Ce jour-là, la seule pharmacienne de l'hôpital a dû s'absenter pour invalidité. Comme le second pharmacien de l'hôpital a quitté son emploi en mars, c'est un assistant technique qui ne possède pas de diplôme universitaire en pharmacie qui a dû assurer le service durant son absence.

«C'est inconcevable», a déploré Diane Lamarre, présidente de l'Ordre des pharmaciens du Québec, dont la mission est d'assurer la protection du public. «C'est comme si un hôpital fonctionnait sans médecin. C'est exactement la même chose.»

Selon Mme Lamarre, il s'agit d'un précédent. Cette situation ne s'est jamais produite au Québec. «Dans une décision rendue dans les années 2000, le Conseil des services essentiels a décrété que le pharmacien d'hôpital était un service essentiel pour la population, a précisé Mme Lamarre. Il ne faut plus jamais que ça arrive. Il faudrait toujours qu'il y ait un plan de relève dans ce genre de situation.»

Les dirigeants de l'APES, le syndicat qui représente les pharmaciens en milieu hospitalier, affirment que cette situation aurait pu compromettre la santé des patients.

«Si quelqu'un se rend à la pharmacie de quartier et qu'il n'y a pas de pharmacien présent, il ne pourra pas avoir de médicaments. Dans un hôpital, on le ferait alors que les situations sont plus complexes et plus compliquées?», s'interroge Charles Fortier, président de l'APES. «Un technicien est capable de lire une ordonnance, mais il n'est pas capable de l'interpréter, explique-t-il. Il ne comprend pas les indications. Il ne sait pas comment l'ajuster en fonction de l'âge ou du poids, ou de la fonction rénale ou hépatique.»

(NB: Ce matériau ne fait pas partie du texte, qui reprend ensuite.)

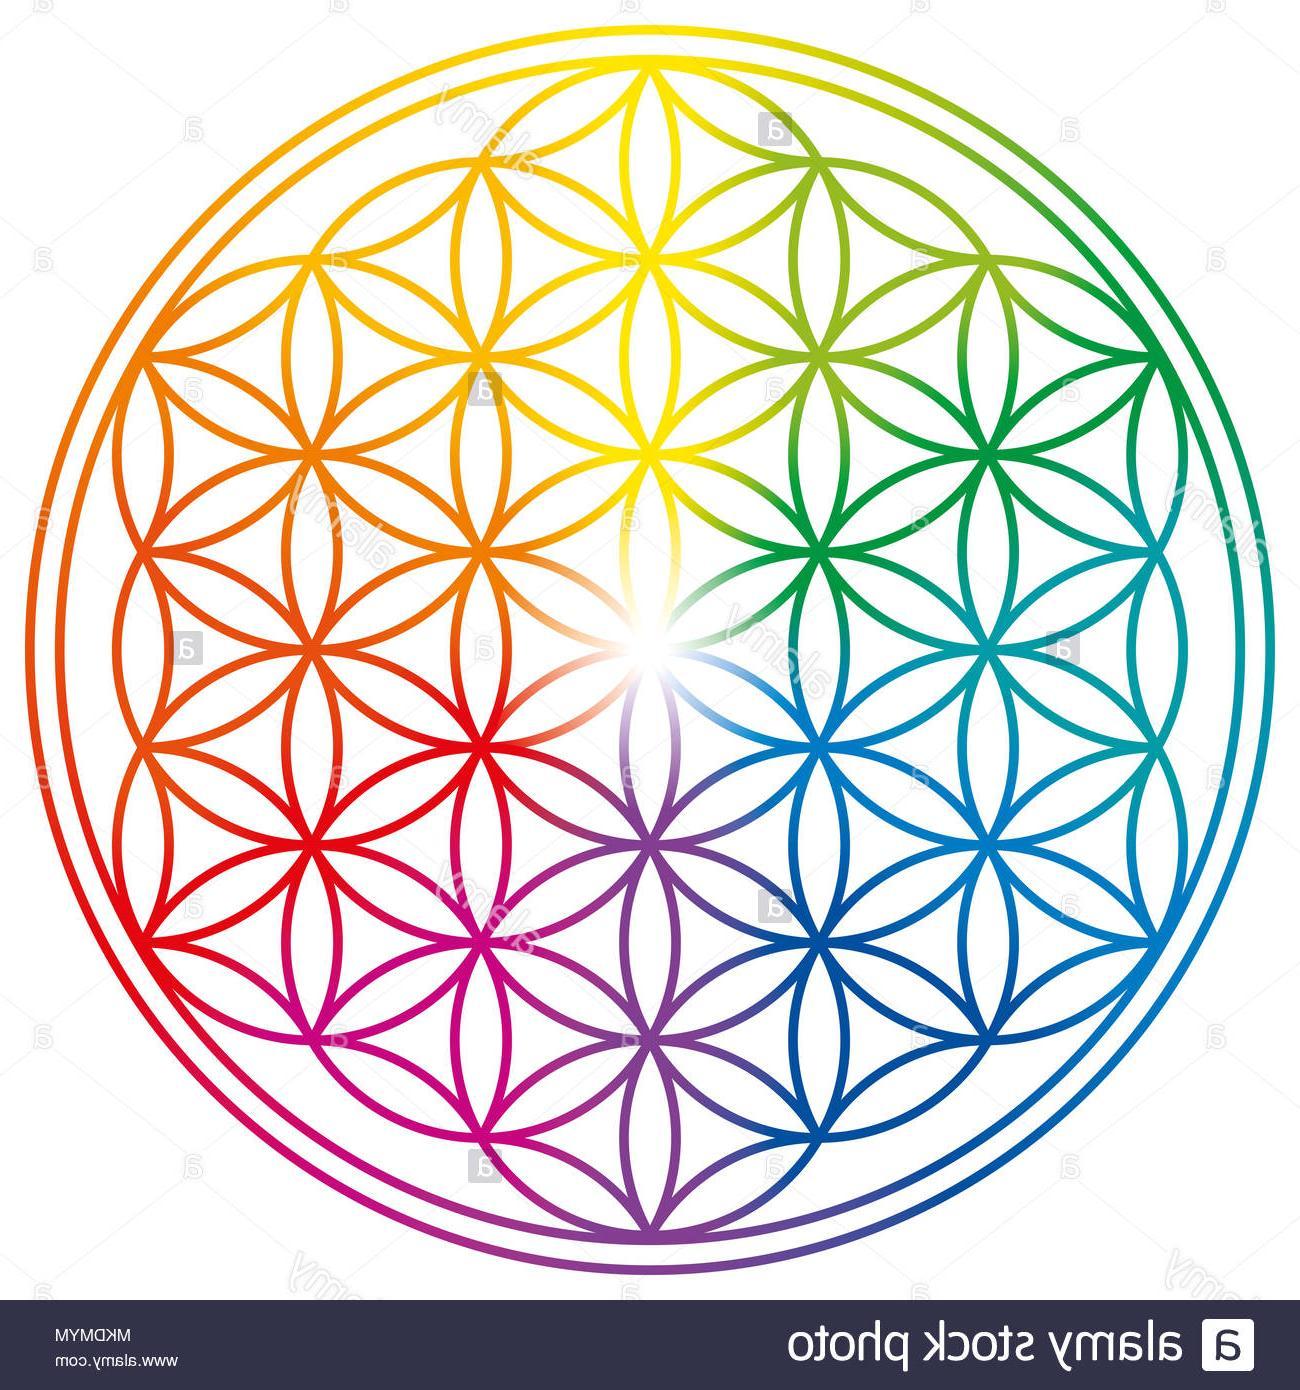 géométrie sacrée fleur de vie

À l'hôpital, on admet qu'il n'y a pas eu de pharmacien le 5 avril dernier, mais que différentes mesures ont été mises en place pour assurer la sécurité des patients. Marjorie Pigeon, responsable des communications au centre de la santé et des services sociaux de la Haute-Gaspésie, explique qu'on a demandé aux médecins de réduire leurs ordonnances au maximum ce jour-là et qu'un pharmacien du secteur privé était de garde par téléphone pour les urgences.

Selon l'APES, cette situation s'inscrit dans le cadre de la pénurie de pharmaciens qui sévit actuellement dans le système de santé. Environ 275 postes ne sont pas pourvus. Les étudiants de dernière année en pharmacie ne se bousculent pas au portillon pour postuler ces emplois. Le gouffre salarial qui les sépare du secteur privé semble expliquer ce manque d'intérêt: actuellement, les pharmaciens en milieu hospitalier ont un salaire de départ de 36,70$ l'heure. Au sommet de l'échelle, ils gagnent 45,88$. À titre comparatif, les pharmaciens du secteur privé commencent à environ 51$ l'heure.

À l'instar de plusieurs hôpitaux situés en région, l'hôpital de Sainte-Anne-des-Monts fonctionne avec un seul pharmacien alors qu'il y a un poste ou plus de vacant. La situation est la même aux Îles-de-la-Madeleine, à Chandler, à La Tuque, à Shawville et à Amos. À Montréal, les hôpitaux Santa Cabrini, Jean-Talon et Fleury fonctionnent avec de 30 à 40% des effectifs nécessaires.

La pénurie pousse l'APES à croire que la situation risque de se reproduire au cours de l'été, pendant la période des vacances. Des pharmaciens «dépanneurs» sont souvent appelés en renfort dans ces établissements, mais «les hôpitaux se les arrachent, il n'y en a pas assez qui sont formés», affirme Linda Vaillant, directrice générale de l'APES. Selon les calculs du syndicat, un «pharmacien dépanneur» coûte environ 1000$ par jour en comptant les frais d'hébergement et de déplacement.

«Il ne faut pas oublier que lorsque le pharmacien est seul dans son établissement, il doit être de garde tous les soirs et toutes les fins de semaine. C'est épuisant à la longue. Si je suis fatigué, je suis plus susceptible de faire des erreurs. Ce n'est pas sécuritaire pour personne», ajoute Charles Fortier.

Sans contrat de travail depuis deux ans, les 1500 pharmaciens d'hôpitaux sont l'un des derniers groupes d'employés de l'État qui n'ont toujours pas conclu d'entente avec le gouvernement. Les négociations achoppent sur la manière de régler la pénurie.